四爷还说了啥,林雨桐完全没听到。满脑子都是‘桐桐’‘桐桐’。
老夫老妻了,还被这一声‘桐桐’给叫的心猿意马,面红耳热,险些切到手。
等回过神来,父子俩已经不在屋里了,显然是去请客了。
林雨桐干脆将这个猪腿都给切了,见门边挂着辣椒串和大蒜串。就干脆连这个一起下锅。
瞬间,屋里就弥漫着诱人的香气。
父子俩请的客人陆陆续续的到了,十多个人,满满当当的挤了一桌。筷子碗都是自带的。连凳子也是。
叔叔伯伯的叫了一圈。
四爷陪着这些人喝酒。

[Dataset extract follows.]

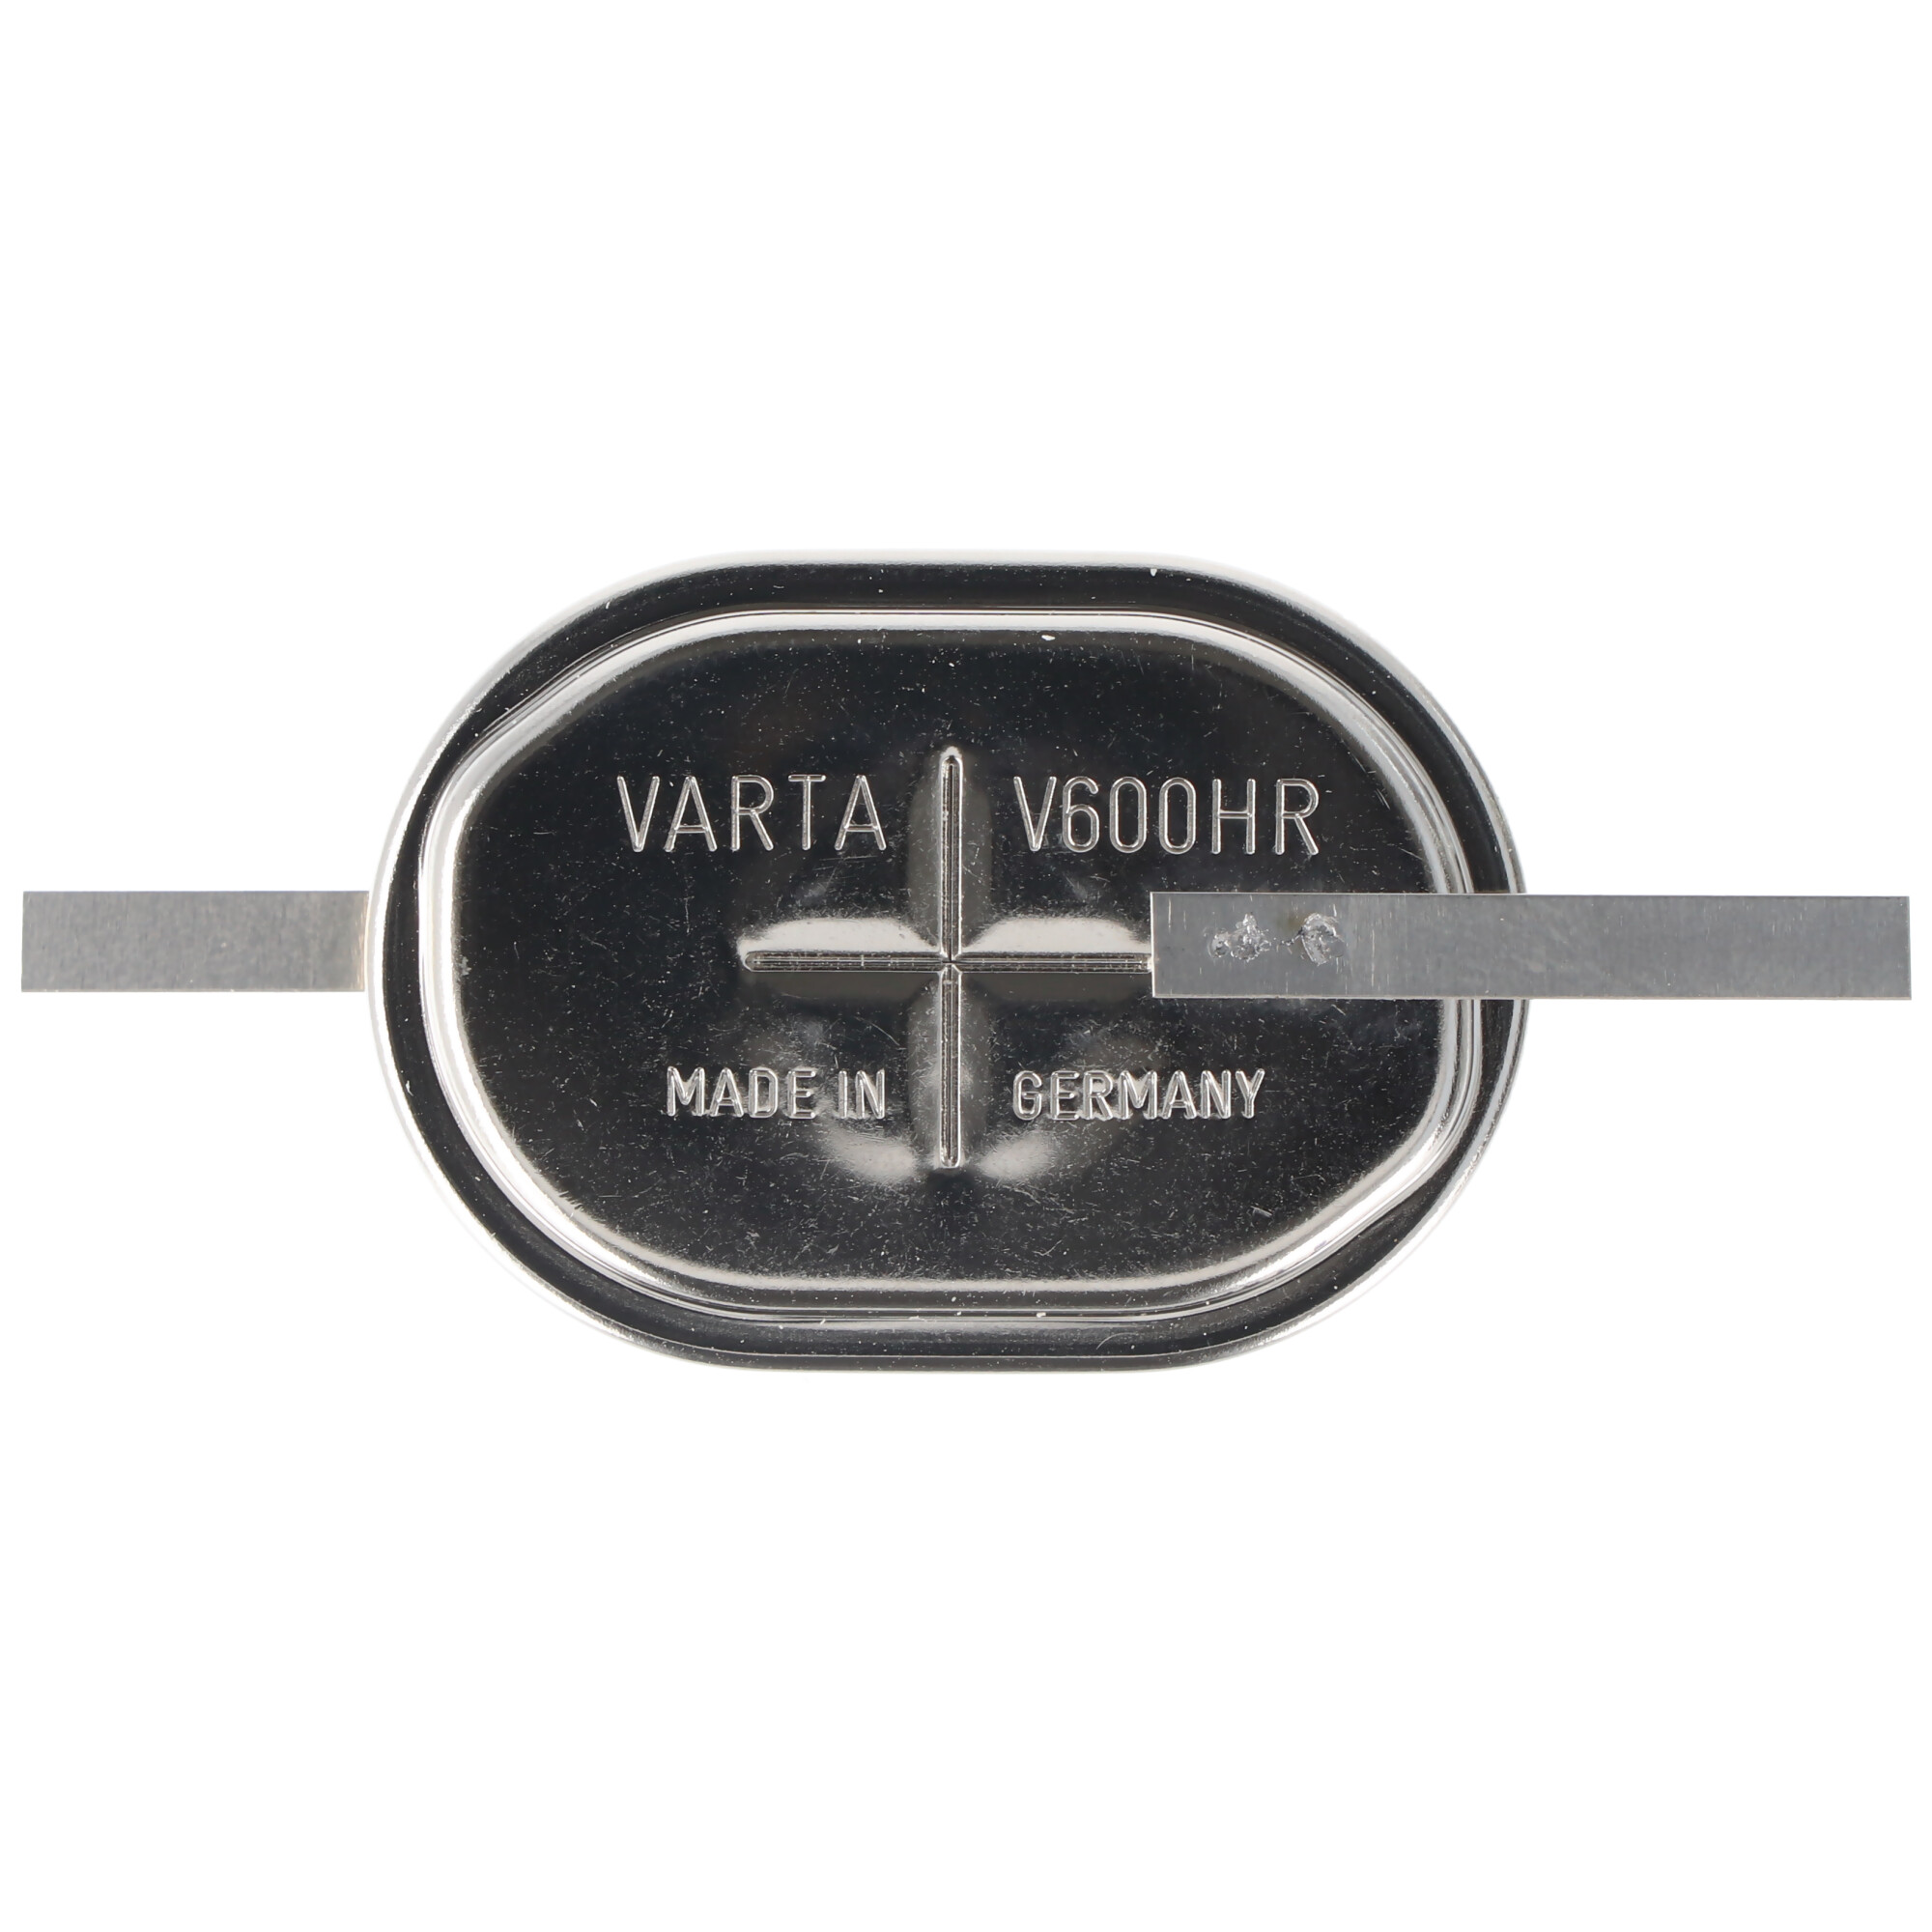 Varta V600HR NiMH Akku aufladbare NiMH Knopfzelle mit Lötfahne Z

林雨桐进了里间,从空间里又拿了些挂面出来。
就着油锅,炒了葱花。然后盛出来,添上水。一人一碗汤面条,就是主食了。
“可算是吃到一顿人吃的饭了。”一个头发花白,却精神矍铄的老者喊道。
“徐大炮,你消停点。”一个带着眼睛的老人,吃的慢条斯文,“你那嗓子,再把人家小姑娘吓着。”
被称呼为‘徐大炮’的老者哈哈大笑,似乎能将房顶上的土给震下来,“这不是一家人不进一家门。这小姑娘一看就是老印他们家的人。大方!不是那扣扣索索的小气鬼。”
这年月,肉和细粮的伺候着,谁舍得啊。
那戴眼镜的老者冷哼一声,“就是上次没给你一根烟,你记到现在。是三年了还是五年了。到底谁小气。”
林雨桐失笑。这些人聚在一起相互挤兑,还挺有意思的。
十几个人分了三瓶酒,谁都没有醉意。
早早的都离开了,给人家父子说话的空间。
晚上,林雨桐住在里间,他们父子睡在外面。隐隐约约的能听见说话声。
“这些年,我大哥大姐也没来看过您?”四爷问道。
“是我不叫他们来的。”印长天躺着,手却放在被子上面,摸着被子上面盖着的崭新的羊皮袄。“你大姐也下乡插队了。她一个姑娘家,一个人家内蒙,骑马走上一天,连个人烟都看不到。哪里敢叫她瞎跑。”
“等你大哥到了下乡的年龄,就去了陕北。我的一个警卫员,刚好在陕北地方上工作,知道了你大哥的事,就安排你大哥当兵了。去了云南。当兵更是不自由。哪里来的了。”
“你二哥……当年我走的时候,他也才十四岁。等你大哥也要离开家了,就送他回了老家。老家你奶奶也不知道还在不在?要是活着,如今也快八十了。我叫他回去替我伺候你祖母去了。”
印长天的声音有些哽咽,“但不管是天南还是海北的,知道他们在什么地方,我这心里就是踏实的。就是你啊……这些年不知道你的消息……有时候一晚上一晚上的睡不着……也不知道你能不能吃饱,能不能穿暖。”